Middle East oil countries seize the opportunity to “sell assets” while oil prices are rising

Previously, Middle Eastern oil countries have not wanted to sell their “jewel in the crown” – energy assets to raise money from foreign investors. Today, however, the situation has changed. In just a few weeks, Saudi Arabia, the UAE, Qatar, Oman and Kuwait have sold energy assets or issued bonds to boost multi-billion dollar programs.

Oil prices collapsed last year when the new crown epidemic broke out. Now the shift suggests that various Middle East oil-producing countries are seizing the opportunity of recovering energy prices to boost weak economies. Governments around the world are turning to greener energy sources because they need new money to invest in new industries and diversify their economies. These energy deals are thus more urgent.

Justin Alexander, principal analyst at MENA Advisors, a British consulting firm, said.

“It makes sense for these countries to sell equity at a good valuation, partly because of finances and partly because of the growing recognition of the speed of the energy transition and the need to realize the value of these assets.”

Last year, the budget deficits of Middle Eastern oil exporters soared to 10.8 percent of GDP from a paltry 3 percent in 2019, according to the International Monetary Fund. Saudi Arabia, the UAE and Qatar saw the largest contraction in GDP in nearly 30 years.

Saudi Aramco is known to be the world’s largest crude producer, and as Golden 10 reported earlier, Saudi Crown Prince Mohammed bin Salman said Tuesday that Saudi Aramco is in talks with an unnamed “global energy company” to sell about $20 billion in shares.

Another move is to restructure state-owned oil companies. Abu Dhabi National Oil Company is also the UAE’s top oil company. It and Saudi Aramco have been the most active state-owned companies in the region, and both were privatized before the outbreak: Saudi Aramco went public on the Riyadh stock market in 2019, and Abu Dhabi National Oil Company sold part of its fuel distribution business through an IPO at the end of 2017.

Since then, the two companies have become increasingly attractive to foreign investors as their foreign deals have become more numerous and their models more sophisticated. On April 10 this year, Saudi Aramco said that an American group intended to invest $12.4 billion in its oil pipeline business; in addition to this, it intends to sell a stake in its gas network. Abu Dhabi National Oil Company, on the other hand, is planning an IPO of its drilling and fertilizer business.

Saudi Arabia’s Crown Prince Mohammed sees Saudi Aramco as a key component of his vision for 2030. “Vision 2030 is an ambitious project that aims to boost everything from tourism to solar parks and pharmaceutical investments. The UAE’s Sheikh Mohammed bin Zayed has similar plans for Abu Dhabi National Oil Company, which he increased his stake in in March and restructured to squeeze more money out of.

Ben Cahill, a senior fellow at the Center for Strategic and International Studies in Washington, said.

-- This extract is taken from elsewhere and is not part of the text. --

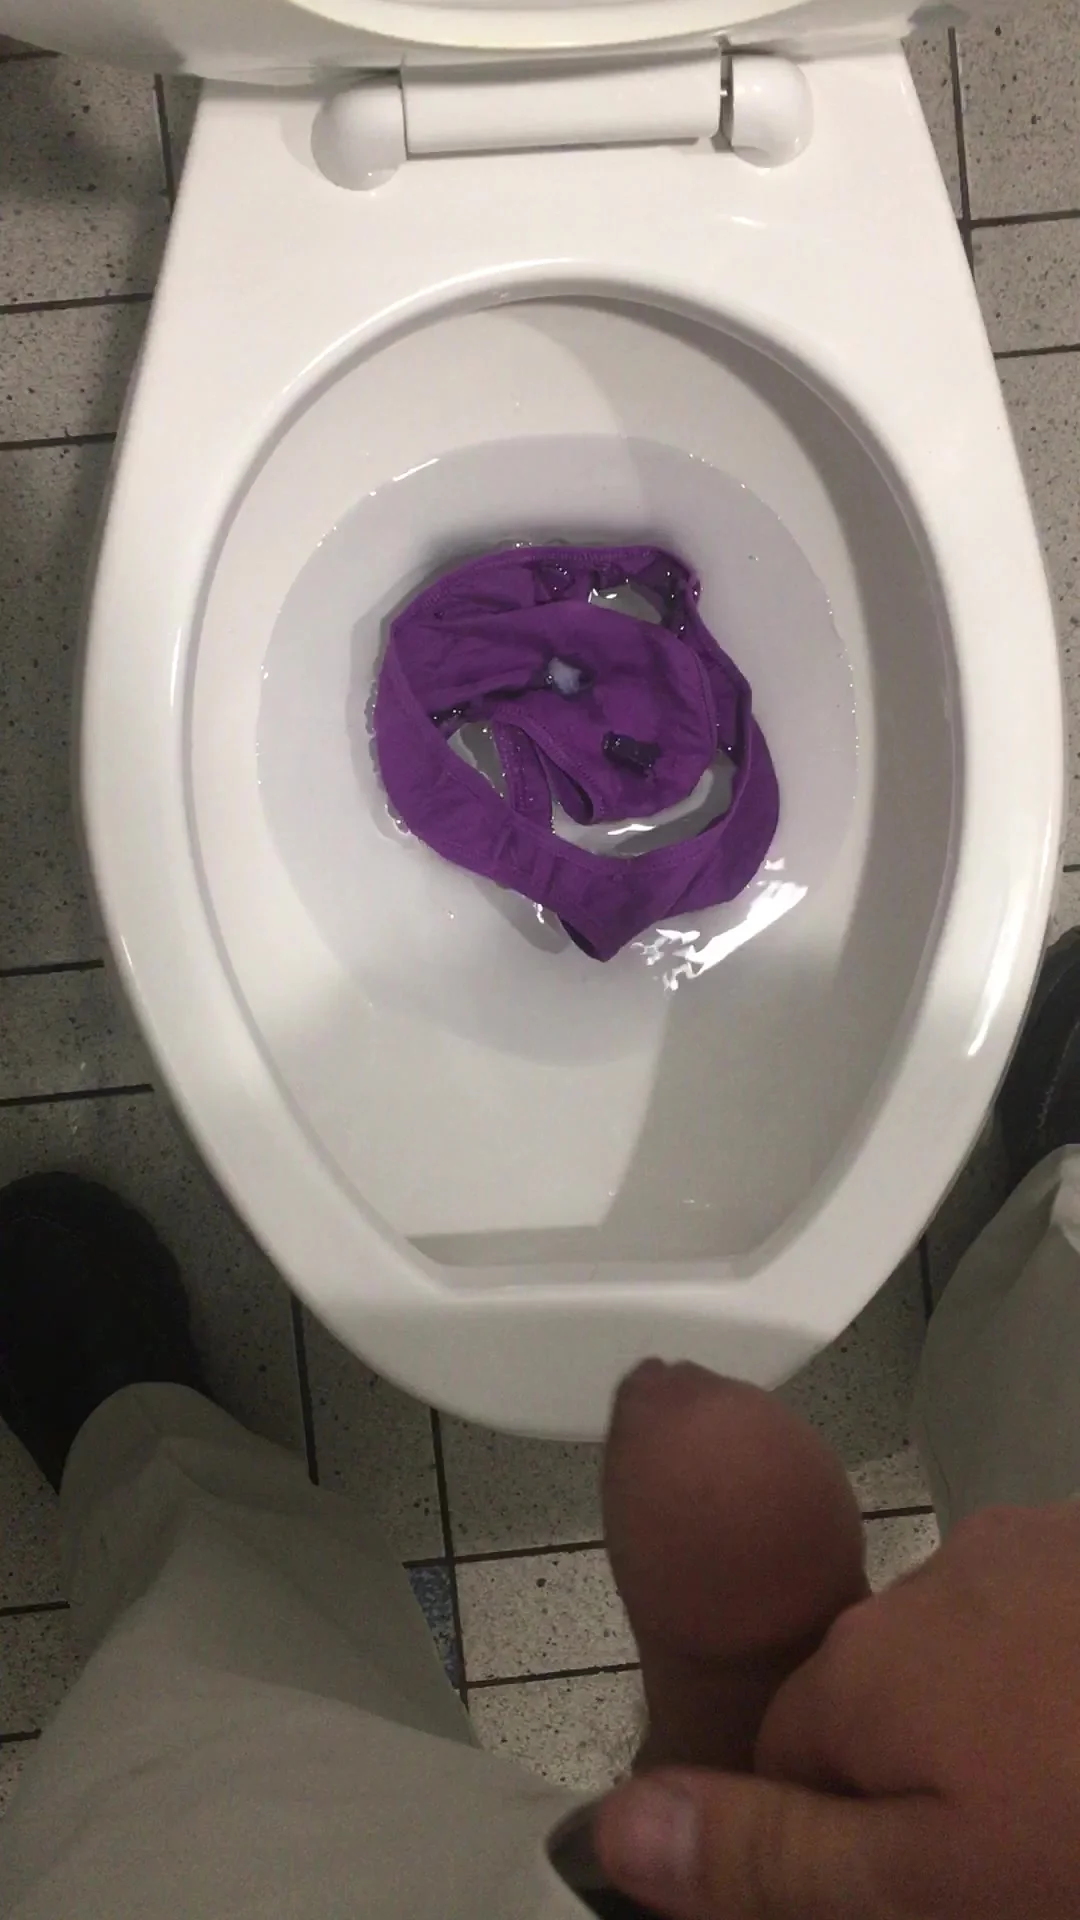 Toilet Flush - Cumming in panties then flushing them down the toilet - ThisVid.com
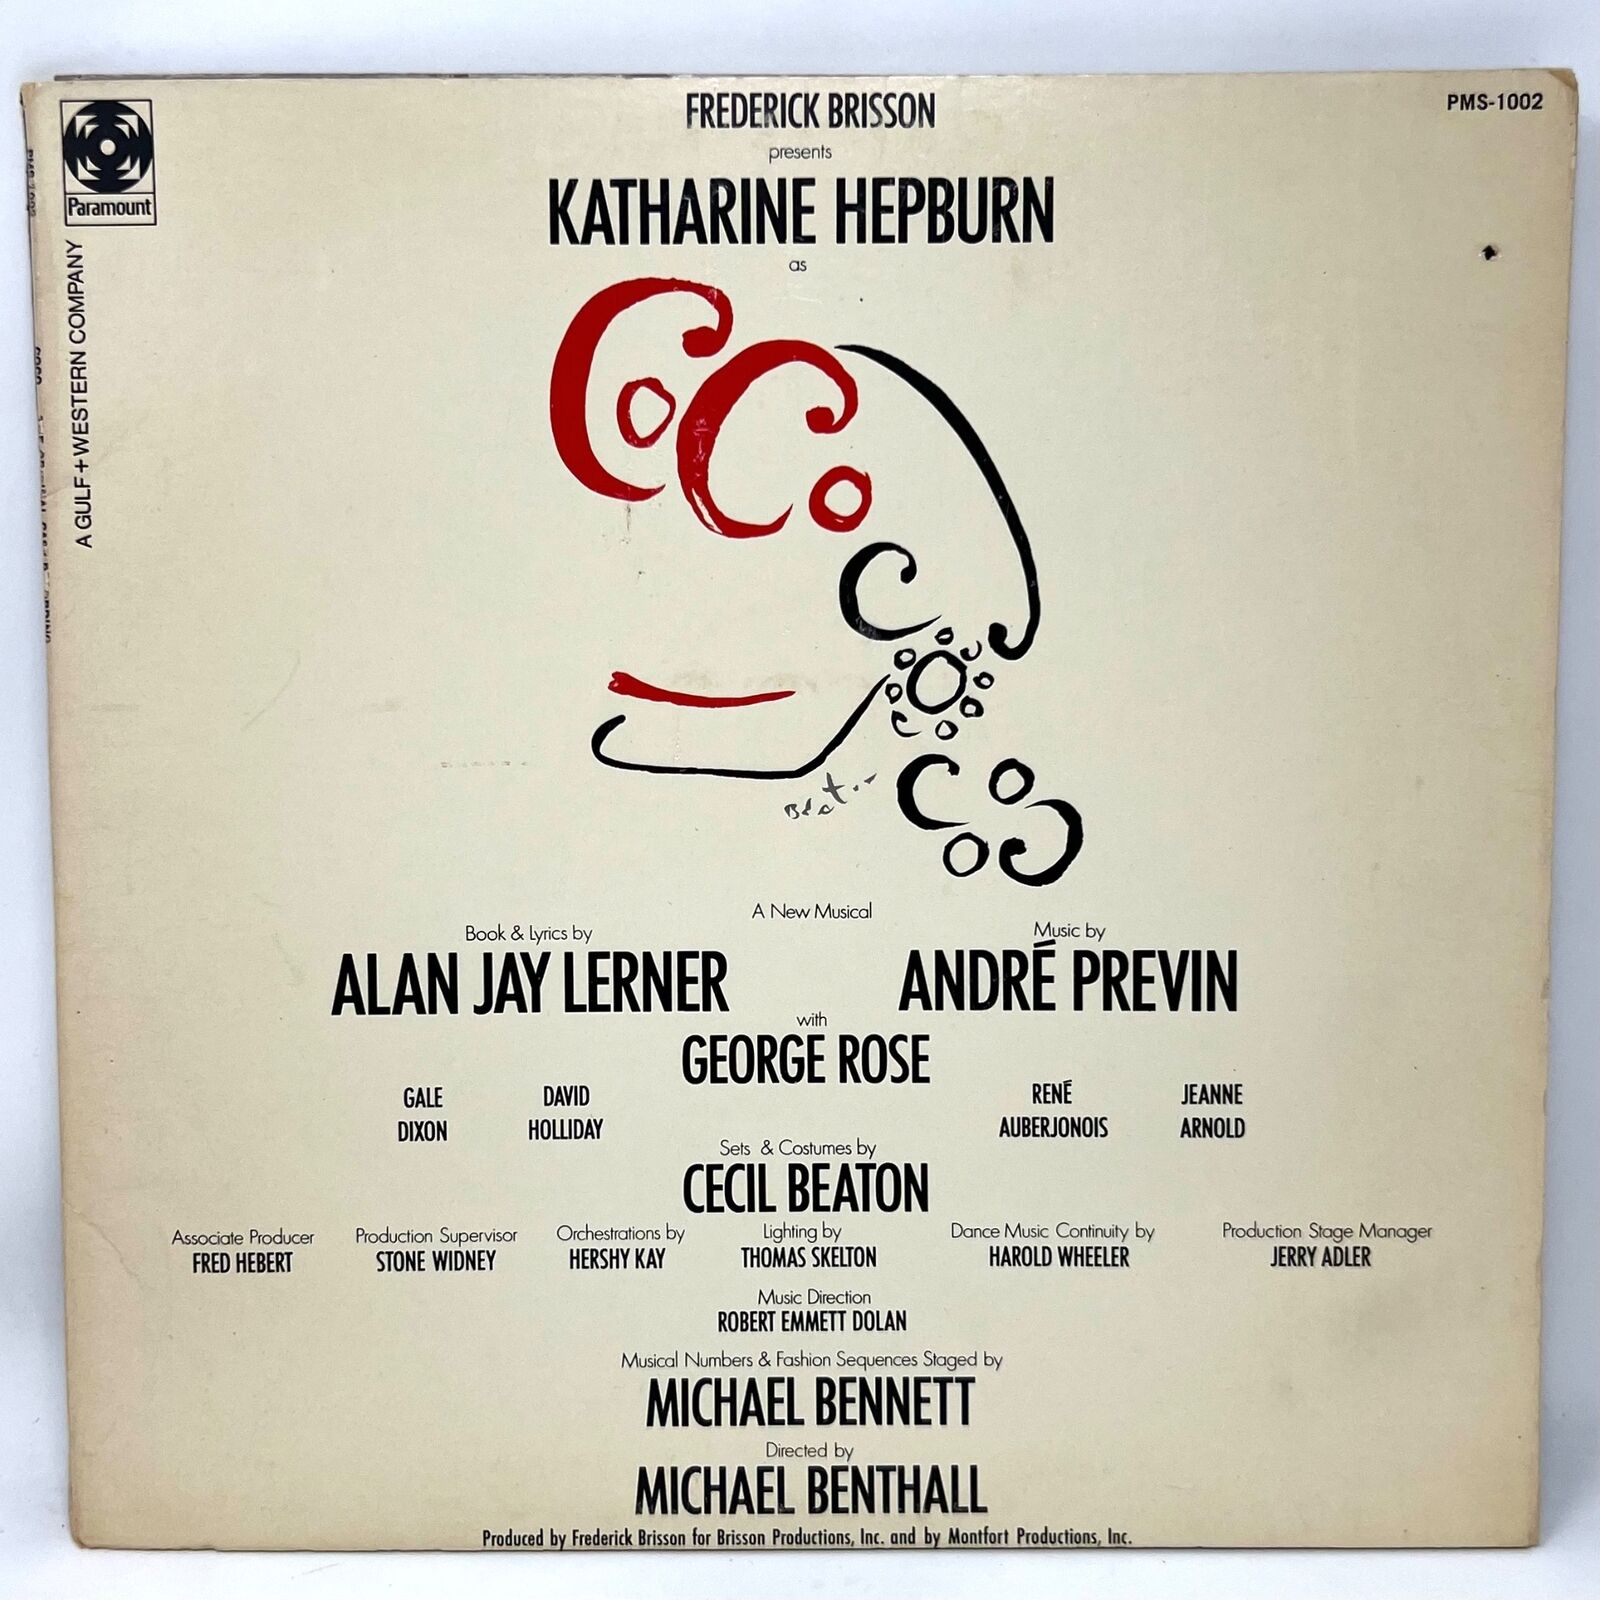 Katharine Hepburn Coco The Original Broadway Cast Recording LP Vinyl Record

“Gulf state oil companies have realized that raising money by selling off a portion while holding control is a good strategy.”

Elsewhere in the Gulf, Qatar Petroleum and Omani state-owned companies, such as OQ SAOC, are planning to enter the dollar bond market. Qatar Petroleum is seeking up to $10 billion in funding to boost its LNG export capacity.

Qatar has one of the highest per capita incomes in the world, and its government had funded $29 billion to support the project, but it is now trying to reduce a debt burden that has increased in the last year. Using the leverage of state-owned enterprises, the government can handle its balance sheet.

Similarly, Oman’s OQ began offering at least $500 million in 7-year Eurobonds on Wednesday, and another state-owned company, Oman Energy Development, may follow OQ’s lead and raise $3 billion in debt later this year.

Kuwait’s state-owned oil company, meanwhile, is planning to issue its first international bond in a bid to borrow $20 billion over the next five years to cover an expected revenue shortfall.

Asset and bond sales are likely to make up the largest share of future deals, said Hasnaan Malik, head of equity research at Tellimer, a London-based emerging markets analyst firm. Malik, who has studied Middle East markets for more than 20 years, said.

“Securitizing future cash flows, issuing bonds and private equity sales seem to be a much easier way to raise capital from international investors than selling equity through IPOs.

They have realized that there are far more fixed income and private equity investors than regional equity investors.”

For now, foreign investors seem happy to invest in Middle East oil and gas, where they rarely have so many investment options. Cahill said.

“There will definitely be more in the future. State-owned oil companies are watching each other and figuring out some new paths.”